GetCompressedSize(Tensor<T>, ICompressionMetadata<T>)
Gets the size in bytes of the compressed tensor representation.
public virtual long GetCompressedSize(Tensor<T> compressedWeights, ICompressionMetadata<T> metadata)
Parameters
compressedWeightsTensor<T>The compressed weight tensor.
metadataICompressionMetadata<T>The compression metadata.
Returns
- long
The total size in bytes.
Remarks
For Beginners: This calculates the total storage needed for the compressed tensor, including both the compressed data and the metadata overhead (shape information).
GetCompressedSize(Vector<T>, ICompressionMetadata<T>)
Gets the size in bytes of the compressed representation.
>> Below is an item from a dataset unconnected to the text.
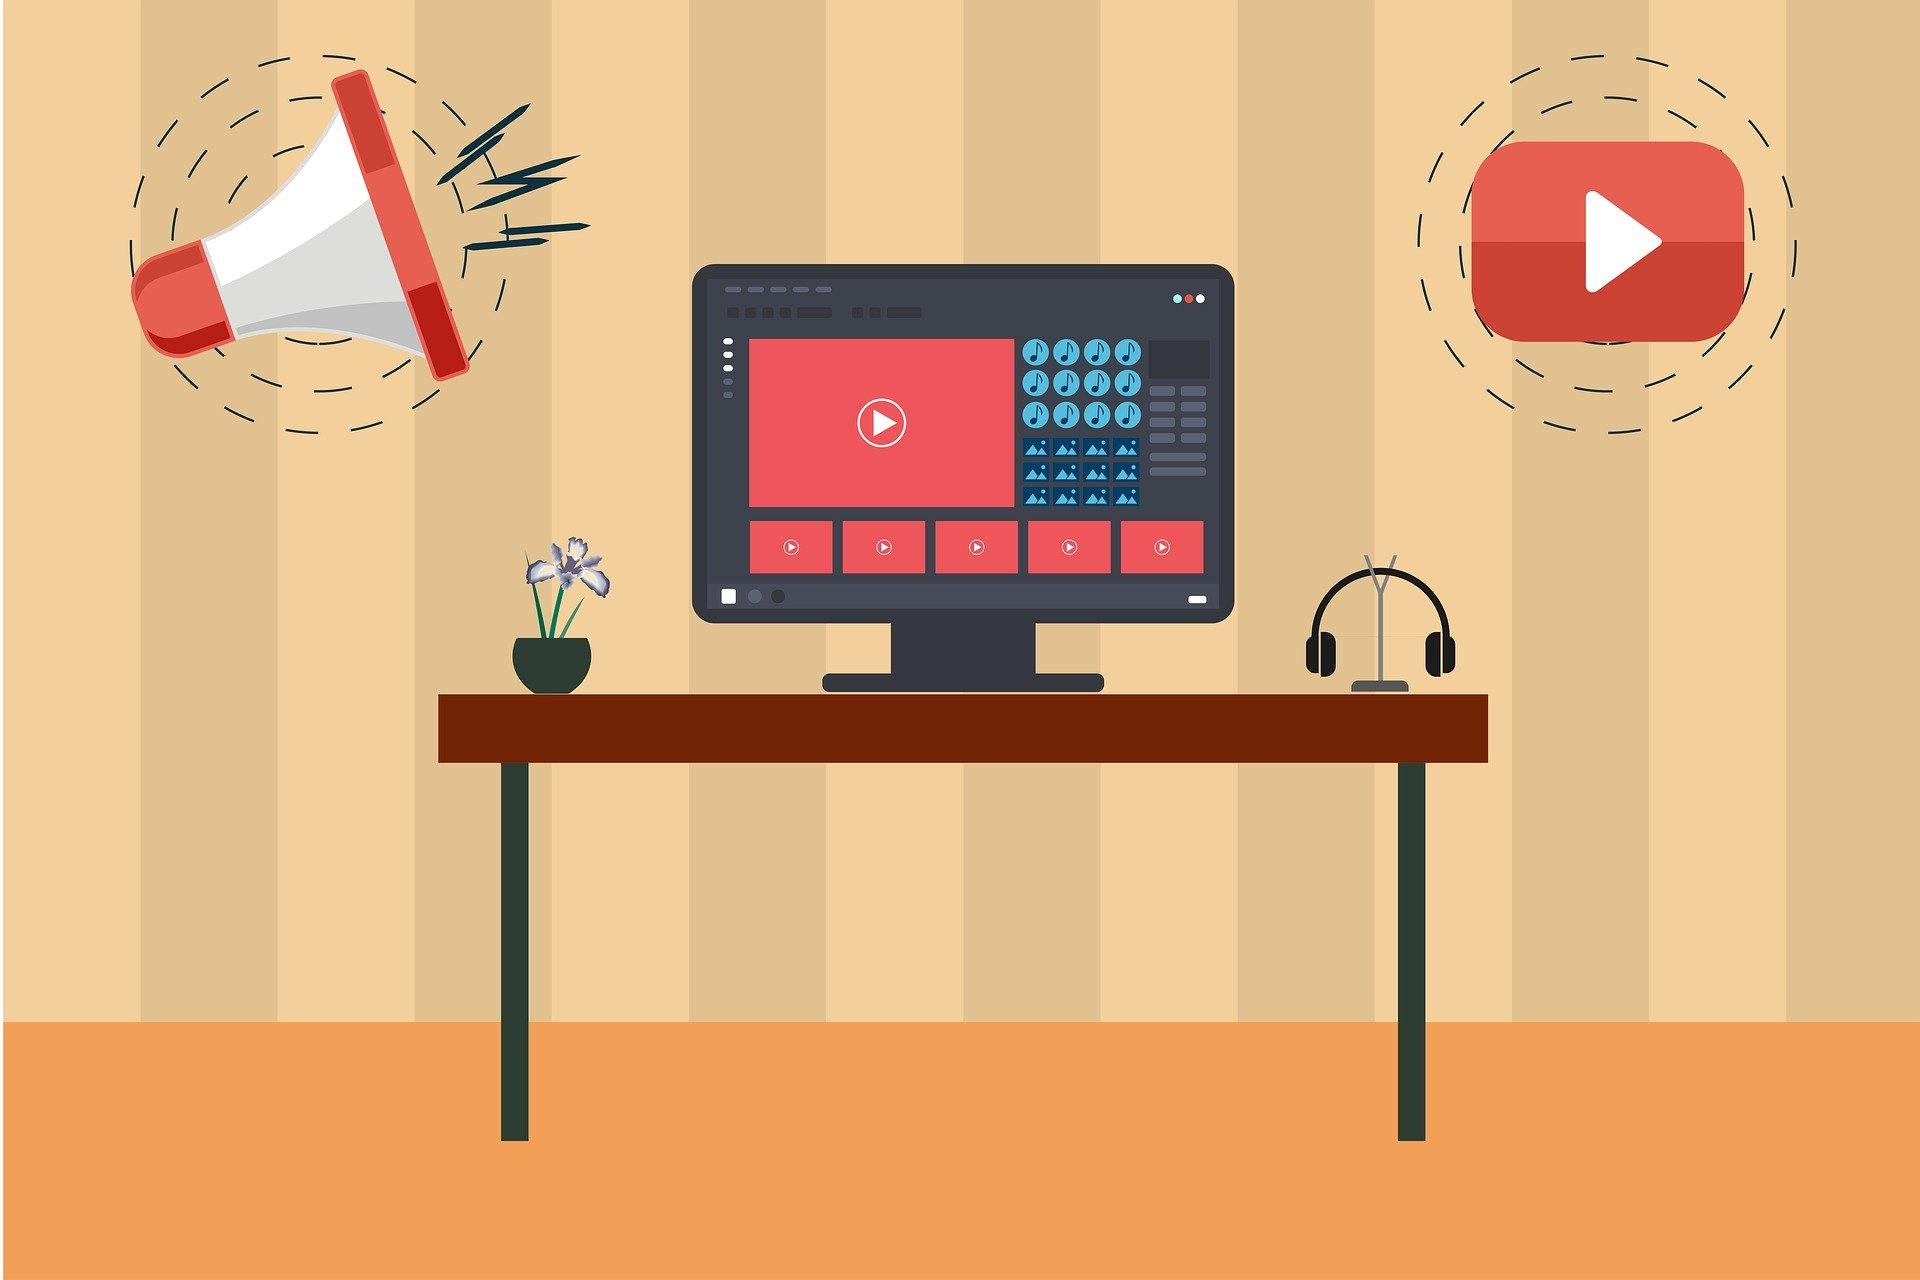 【初心者】Youtubeでプログラミングが学べる!?【有料級の動画を紹介】

public abstract long GetCompressedSize(Vector<T> compressedWeights, ICompressionMetadata<T> metadata)
Parameters
compressedWeightsVector<T>The compressed weights.
metadataICompressionMetadata<T>The compression metadata.
Returns
- long
The total size in bytes.
GetElementSize()
Gets the size in bytes of a value of type T.
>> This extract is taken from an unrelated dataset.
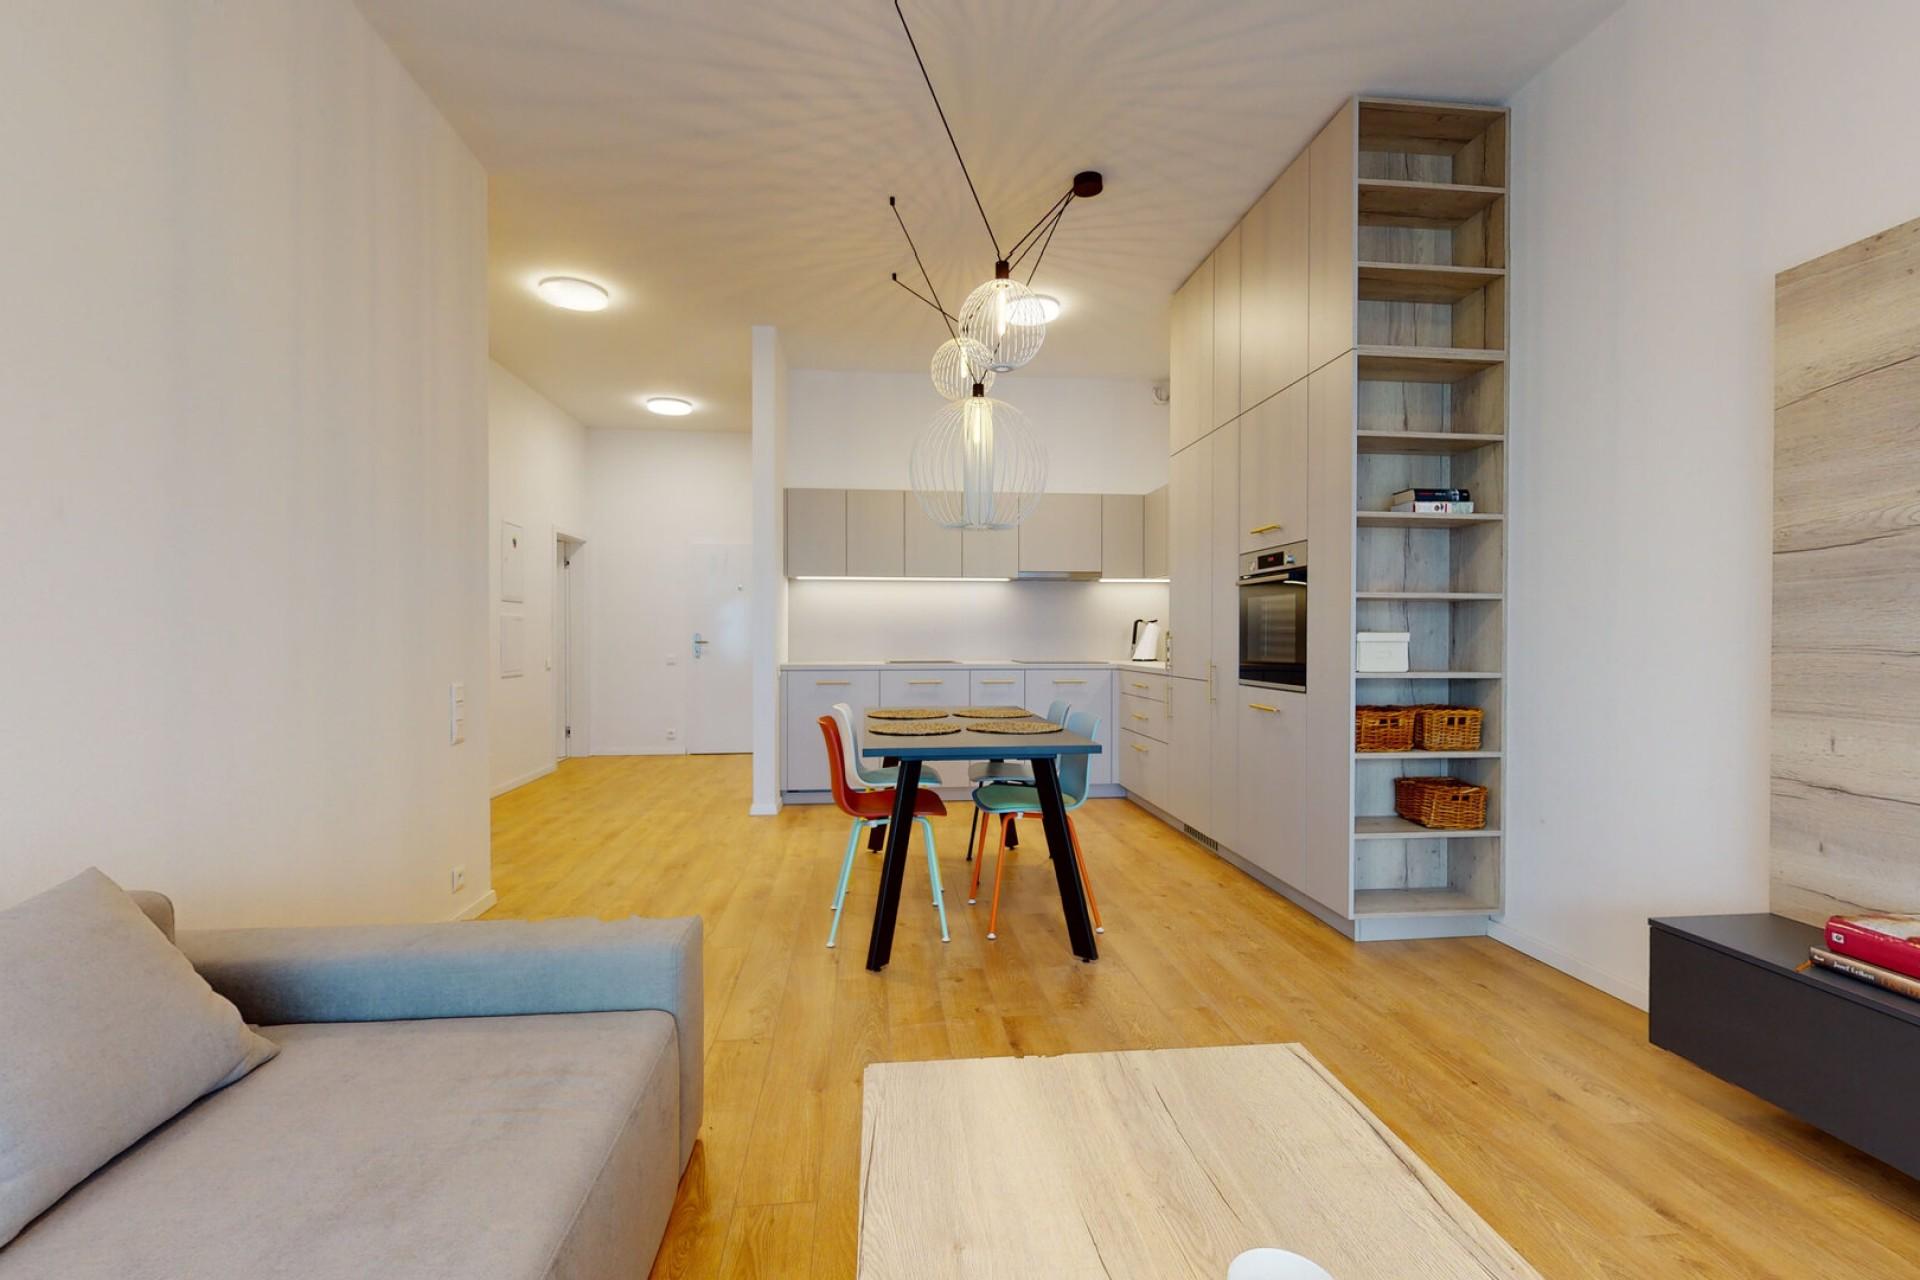 Vzorový byt - marec 2021

protected virtual int GetElementSize()
Returns
- int
The size in bytes.
Remarks
For Beginners: Different number types take different amounts of memory.
Common sizes:
- float (single precision): 4 bytes
- double (double precision): 8 bytes
This method figures out the size automatically based on the type being used.
MatrixToVector(Matrix<T>)
Converts a matrix to a flattened vector.
protected Vector<T> MatrixToVector(Matrix<T> matrix)
Parameters
matrixMatrix<T>
Returns
- Vector<T>
TensorToVector(Tensor<T>)
Converts a tensor to a flattened vector.
protected Vector<T> TensorToVector(Tensor<T> tensor)
Parameters
tensorTensor<T>
Returns
- Vector<T>
Remarks
For Beginners: This method flattens an N-dimensional tensor into a 1D vector, preserving all values in row-major order. This is the first step in tensor compression - convert to 1D, compress, then convert back.
VectorToMatrix(Vector<T>, int, int)
Converts a vector to a matrix with specified dimensions.
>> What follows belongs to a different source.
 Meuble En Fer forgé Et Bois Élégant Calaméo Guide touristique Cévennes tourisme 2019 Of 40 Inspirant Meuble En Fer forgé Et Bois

protected Matrix<T> VectorToMatrix(Vector<T> vector, int rows, int cols)
Parameters
Returns
- Matrix<T>
VectorToTensor(Vector<T>, int[])
Converts a vector to a tensor with specified shape.
protected Tensor<T> VectorToTensor(Vector<T> vector, int[] shape)
Parameters
vectorVector<T>shapeint[]
Returns
- Tensor<T>
Remarks
For Beginners: This method reshapes a 1D vector into an N-dimensional tensor with the specified shape. The vector values are placed in row-major order into the tensor. The total number of elements in the vector must match the product of all shape dimensions.